An example of CHMM training is also included. Suppose the working directory is "C:\AvcsrDemo\bin\ChmmTrain", users need to copy the example directories "audiofeature", "visualfeature" and "label" to the current working directory ("C:\AvcsrDemo\bin\ChmmTrain").
The directory "C:\AvcsrDemo\bin\ChmmTrain" contains the executable tools and the reference files, whose functionalities can be found in this document.
"emtrain.exe", "format.exe", "gengv.exe", "maptlist.exe", "mixup.exe", "monotrain.exe": tools for CHMM AVSR training;
"tlist.align", "feat.list", "lab.list", "mono.list", "tlist.align.logic": reference files.
"av.cfg": config file for CHMM AVSR training
"train_av.bat": batch file to run under MS-DOS
The directory "AudioFeature" is where the audio feature to be put, "VisualFeature" is for the visual feature, and "Label" is to put the label files. Examples of the feature and label files are given in these directories.
After running the "train_av.bat", a new directory named "result" will be created in this directory ("C:\AvcsrDemo\bin\ChmmTrain"), which will contain the result model "hmm.param". Depending on the config file, the model is placed in the corresponding directories. Please refer to the config file for more details (in this example, the final CHMM parameter model file "hmm.param" is placed in "result\output.mono_hmm.66" from the current working directory, and the "hmm.map" and "hmm.phys" can be found in "result\output.format" directory).

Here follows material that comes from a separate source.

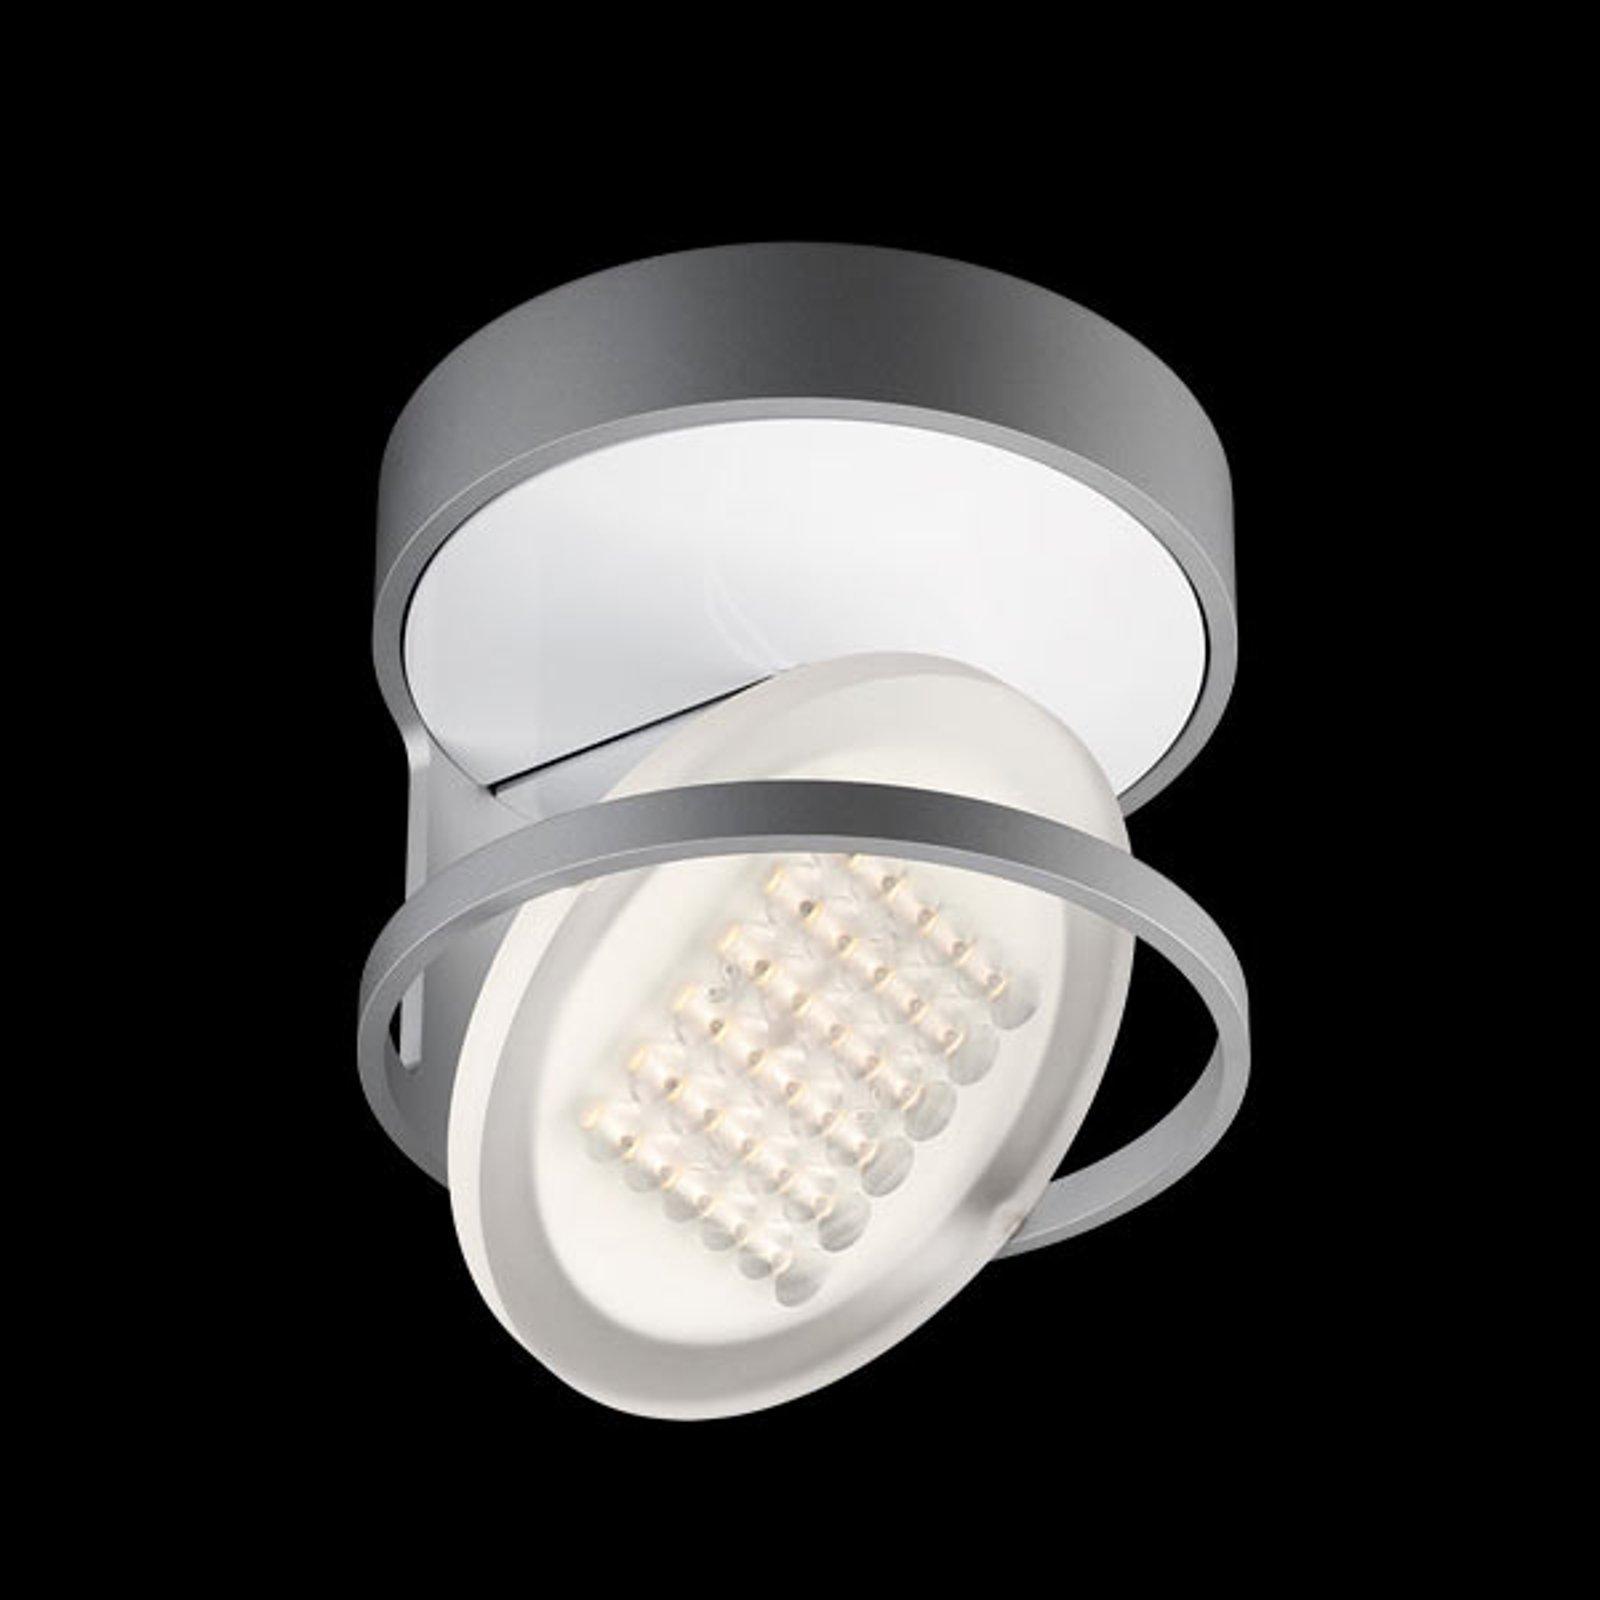 Nimbus Rim R 36 LED-taklampe, sølv tonic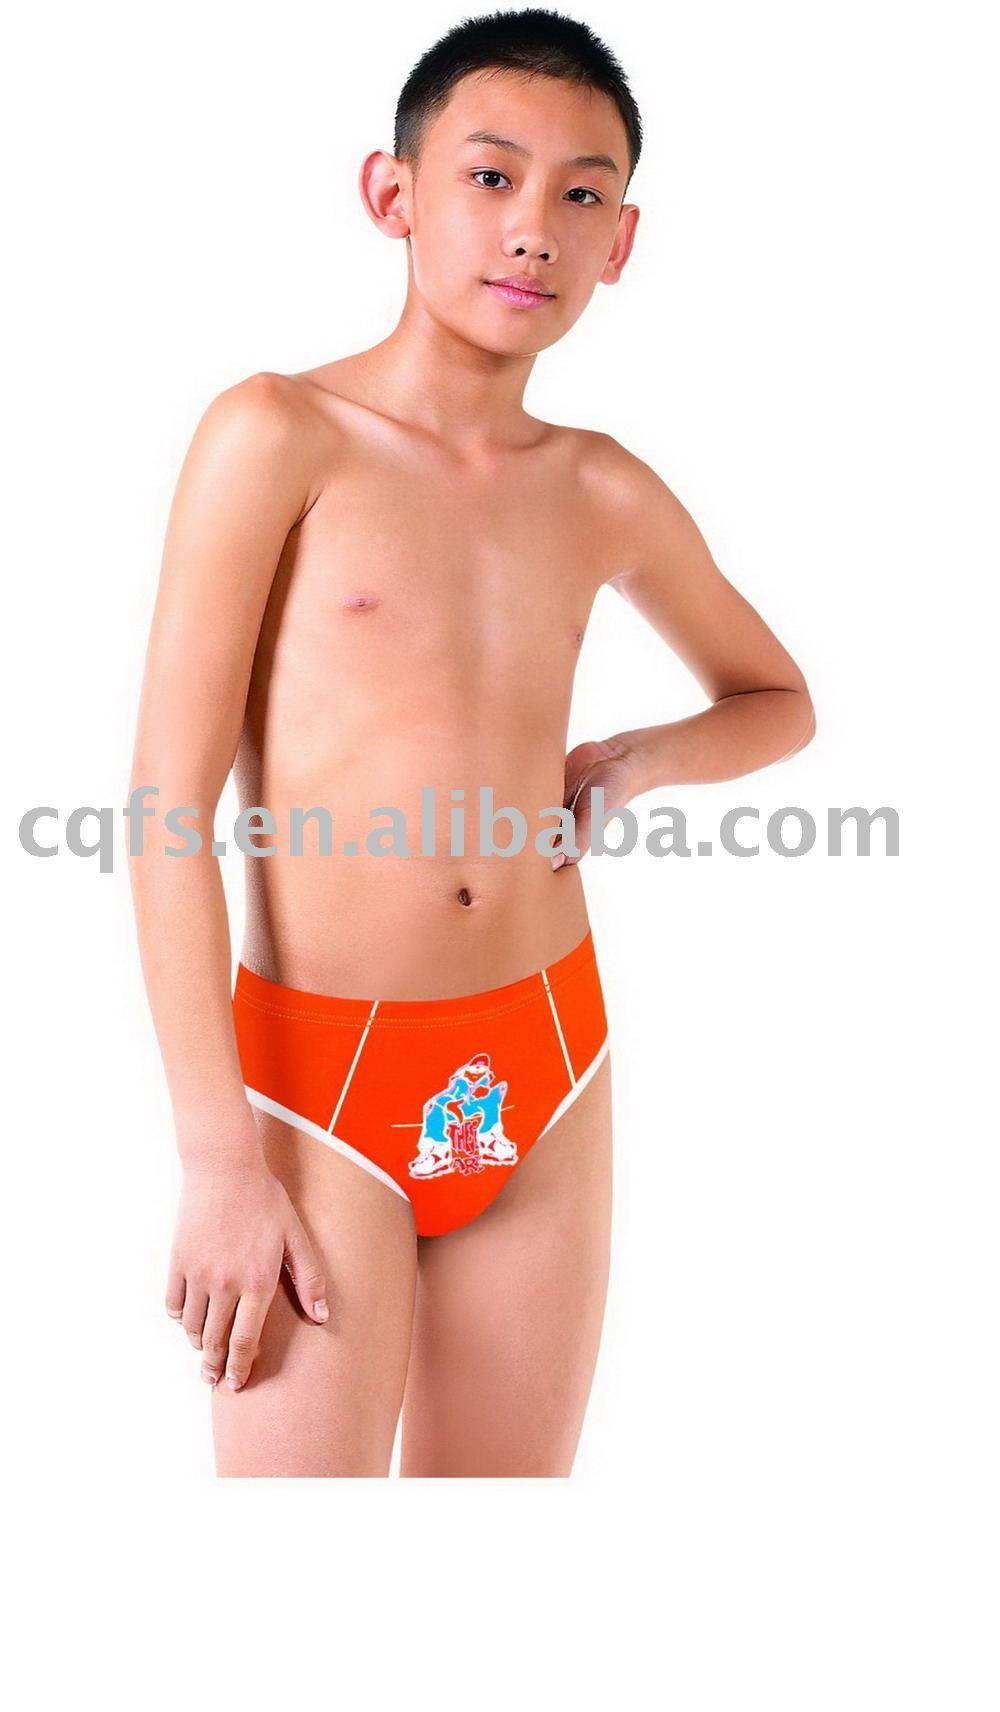 Boys underwear Underwear Pinterest Boys underwear and ...

[Nefian02] A. V. Nefian, L. Liang, X. Pi, X. Liu, and C. Mao. An coupled hidden Markov model for audio-visual speech recognition. In international Conference on Acoustics, Speech and Signal Processing, 2002
[Jensen98] Finn V. Jensen. An Introduction to Bayesian Networks. UCL Press Limited, London, UK, 1998
[Young95] S. Young et. al. The HTK Book. Entropic Cambridge Research Laboratory, Cambridge, UK, 1995.